Like I said I’ve found artists by some other means that I won’t mention here that I NEVER would have found elsewhere and I’ve become a fan for life and gone to multiple concerts. I have one on Tuesday. I never paid for his music in my younger years but I’ve seen him 4 or 5 times live.

1 Like

Businesses that can only thrive if they rip off the very people who provide the very things they sell are bound to fail. That’s not specific only to streaming. And being a business doesn’t relieve one from common moral obligations either (or shouldn’t).

Shareholders earning something isn’t more important than artists and certainly isn’t a godgiven right.

7 Likes

This is indeed a fantastic business. You become a billionaire, with a business model that seems to be unsustainable, while artists are told that streaming is no way to make money. It’s like magic. And we think this is ok?

3 Likes

One problem with Spotify is that their free tier undercuts what may be a fair remuneration model.

Artists on aggregate may well accept a penny or so per stream, which could be possible from an all-sub model, while furthering their other sources of revenue. But this in isolation isn’t possible when ~ two thirds of Spotify customers are cool with the inferior and free / ad-supported offer.

Music is cheap now, and given this works just fine for most consumers adopting an all-physical / live and merch model is a very very hard sell.

Yeah, it can be argued that, as long as the player delivers the bits to the endpoint, whatever that is, it’s bit-perfect, so you can’t blame the player for what the endpoint does with them. Also, bit-perfect and lossless are two different things.

1 Like

Yeah the video covers my feeling on the topic. Once exclusive mode is implemented, it will fix automatic sample rate switching issue like Roon, Qobuz, and Tidal, at least on desktop.

However, what still baffles me since I first read it…why are they downsampling/resampling all their high res (24/48, 24/96, 24/192) to 24/44.1???

Last time I brought it, I compared it to MQA and I forgot to expand on it. Now sure, MQA was much worse and was lossy LOSSY, in comparison to resampling by Spotify. Still, the reason why it reminds me of MQA is because just like how when MQA came out in 2015ish or so, the reason for it made zero sense to me! Even back then, we had enough bandwidth for streaming lossless as well as HD/4k video.
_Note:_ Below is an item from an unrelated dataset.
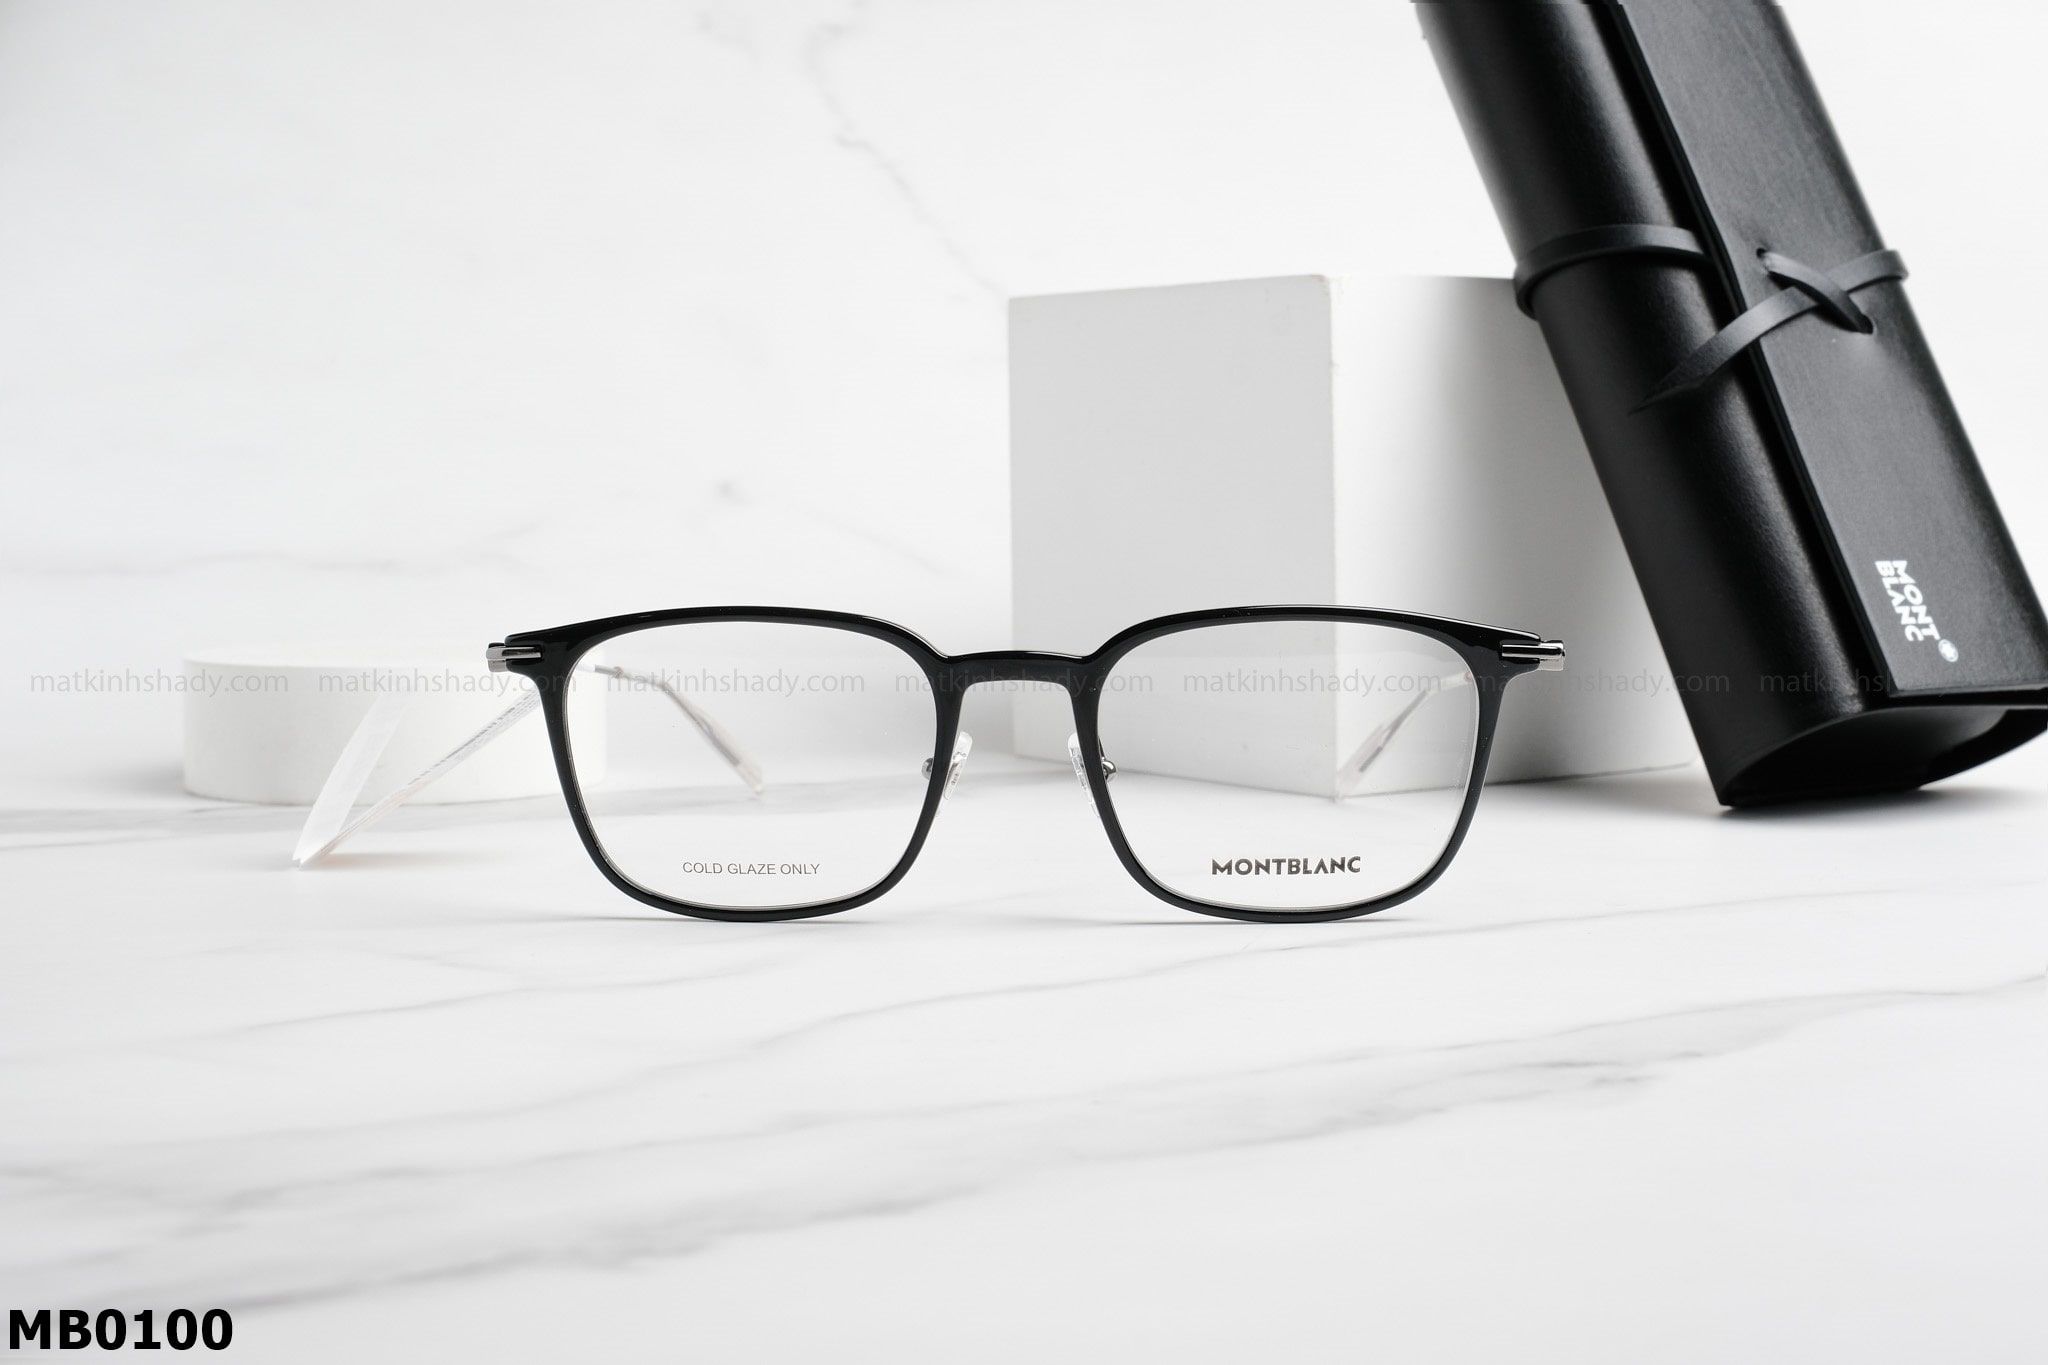  Montblanc Eyewear - Glasses - MB0100

Now in 2025, there is plenty of bandwidth and total data in most plans to accommodate full bit perfect high-res (24/48 and 24/96) at BOTH home/desktop and mobile/travel. Not only that, but the other companies are charging less and not touching the original files whatsoever.

I read the Spotify AMA from Reddit that someone linked above, and the manager’s explanation does not pass the smell test to have everything downsampled to 24/44.1

People do not have issues with high res playback anymore on most devices, especially not on any audio related devices, and the bump in data would still not be that big.

Also, if someone’s random device happened to have an issue where for some reason 24/96 or 24/192 wasn’t supported…give them the downsampled 24/44.1 or 16/44.1.

I figured this is probably Spotify’s attempt to somehow make a grab at a later “High-res tier” once things cool down.

HOWEVER, if they don’t plan on doing that and they genuinely believer this, I’m truly baffled. Like why cripple and downsample music for people who have perfectly good equipment that supports full high-res!? Just send the original as is, without your modification. Who asked you for this!?

I’ve read plenty of threads across forums about Apple Music, Tidal, Amazon HD etc about exclusive mode and stuff. However, NOT ONCE did I ever come across a request by anyone to have everything be 24/44.1. Not once.

I can understand the greedy “high res tier for later” angle. However, if this is how Spotify actually decides to keep it, I’m genuinely puzzled. You took so long, and yet just had to go do this at the end. You can go even more nuts with the app in other department, but at least deliver the music as is without your modification.

It might be a first world problem, but it’s about the principle. :rofl:

1 Like

I discovered today that I have it, but I can’t really use it because according to the Spotify App my KEF LSX II isn’t compatible with it.
Edit, one day Later: Seems to be just a bug, now it’s working.